About this exercise
Please return all lines of the data below containing the string "Black".

Input data
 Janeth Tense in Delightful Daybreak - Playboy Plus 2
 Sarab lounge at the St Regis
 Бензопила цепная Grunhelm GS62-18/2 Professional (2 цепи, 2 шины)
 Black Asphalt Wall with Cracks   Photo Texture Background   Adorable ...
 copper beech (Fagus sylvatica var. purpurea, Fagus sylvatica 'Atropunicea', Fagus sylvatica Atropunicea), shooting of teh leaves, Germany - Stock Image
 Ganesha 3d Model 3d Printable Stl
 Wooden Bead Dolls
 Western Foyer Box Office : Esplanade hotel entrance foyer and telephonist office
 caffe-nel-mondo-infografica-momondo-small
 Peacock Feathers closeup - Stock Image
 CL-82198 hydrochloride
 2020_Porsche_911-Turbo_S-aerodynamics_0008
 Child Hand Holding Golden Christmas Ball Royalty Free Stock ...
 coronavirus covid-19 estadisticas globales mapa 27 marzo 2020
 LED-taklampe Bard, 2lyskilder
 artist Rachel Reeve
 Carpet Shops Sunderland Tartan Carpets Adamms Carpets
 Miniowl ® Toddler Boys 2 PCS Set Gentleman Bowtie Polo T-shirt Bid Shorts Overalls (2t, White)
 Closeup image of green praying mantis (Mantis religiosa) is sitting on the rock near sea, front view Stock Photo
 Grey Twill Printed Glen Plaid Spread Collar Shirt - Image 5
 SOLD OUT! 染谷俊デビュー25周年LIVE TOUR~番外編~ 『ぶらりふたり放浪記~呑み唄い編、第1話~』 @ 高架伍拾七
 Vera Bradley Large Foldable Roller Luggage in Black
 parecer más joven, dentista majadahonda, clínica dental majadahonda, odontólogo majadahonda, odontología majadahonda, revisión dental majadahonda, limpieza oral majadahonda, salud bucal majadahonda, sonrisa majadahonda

Response
 Black Asphalt Wall with Cracks   Photo Texture Background   Adorable ...
 Vera Bradley Large Foldable Roller Luggage in Black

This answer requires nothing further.